Can you bounce back from a bad first impression?

You only get one chance at making a first impression. Which is fundamentally correct. But what happens when you say one offbeat thing, wear a wrinkled tie, or your hands shake and you spill coffee on the table?

Can you overcome a bad first impression?

Of course you can!

Ok, in all fairness, you can’t always overcome a bad first impression. Being outwardly rude on a phone interview or ill-mannered on a date might not net you a second chance. But, in many situations, you’ll get another opportunity, and then what should you do? Here are a few ways you might be able to tip the scale in your favor.
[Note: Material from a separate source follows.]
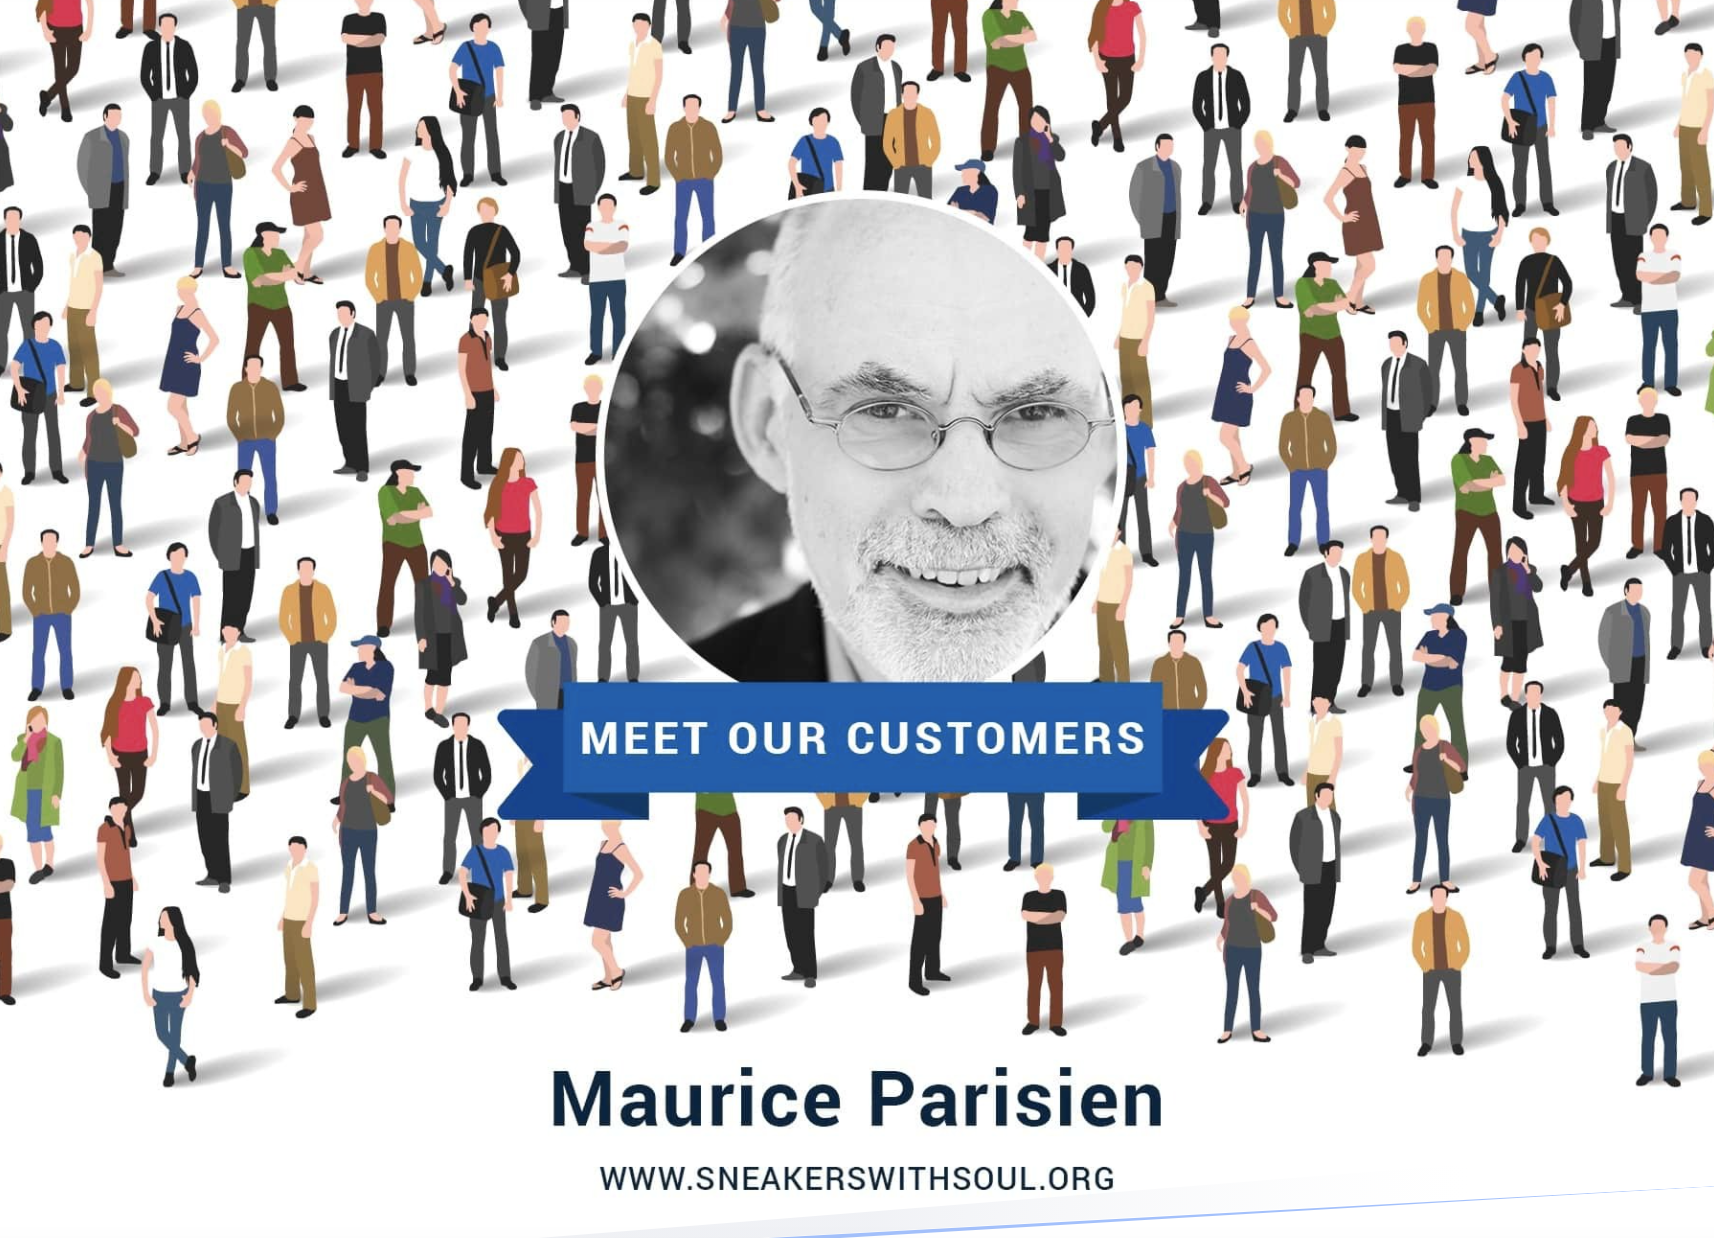 Meet Our Customers - Maurice Parisien

Acknowledge your slip (whatever it is), but don’t keep bringing it up

You want to make it clear that you know you made a mistake during that first interaction (particularly a personal one), but nothing is worse than when someone forgives you and you just can’t stop talking about it. People want to be heard and have their feelings acknowledged, but generally, they’re happy to move on and so should you.

Slowly build trust

Bouncing back when you’ve made a bad impression isn’t fast or easy. It’s a process that you need to invest in. Once you’ve acknowledged what went wrong, figure out the best way to show that you’re better than that. If you wore that wrinkly tie to a pitch meeting, maybe make it a point to dress a little crisper for the next one (and the one after that). If you made a sarcastic remark (my specialty) and it didn’t come across as well as you thought, react a little more slowly and thoughtfully. Be consistent with the person you made the bad impression on and don’t rush it.

According to some science, it takes 8 positive interactions to change a negative impression. Other science says 5 positive interactions. I think the takeaway here is that it takes a lot more positive impressions (and a lot more time) to get rid of one negative one.

Be genuine

If you are truly a kind, gracious, and humble person, no one will hold it against you forever if they didn’t like you at first. Don’t force a relationship, though. Be your true self and show people the real you. Don’t try to make big gestures, since they might seem inauthentic and like you’re trying too hard. Take the time to build an honest relationship and remember that first impressions are just the beginning. Over time, perception can change and you can be the pilot of the way it changes.

On the flip side of all this is giving people the benefit of the doubt when you can. Remember that we all have to make first impressions and that we’re all imperfect people with flaws and quirks. Wouldn’t you want to know that someone didn’t immediately judge you or cast you off because of a small error?

It’s easier to become a sinner than a saint, but that doesn’t mean it’s impossible. Don’t count yourself out when you don’t have to!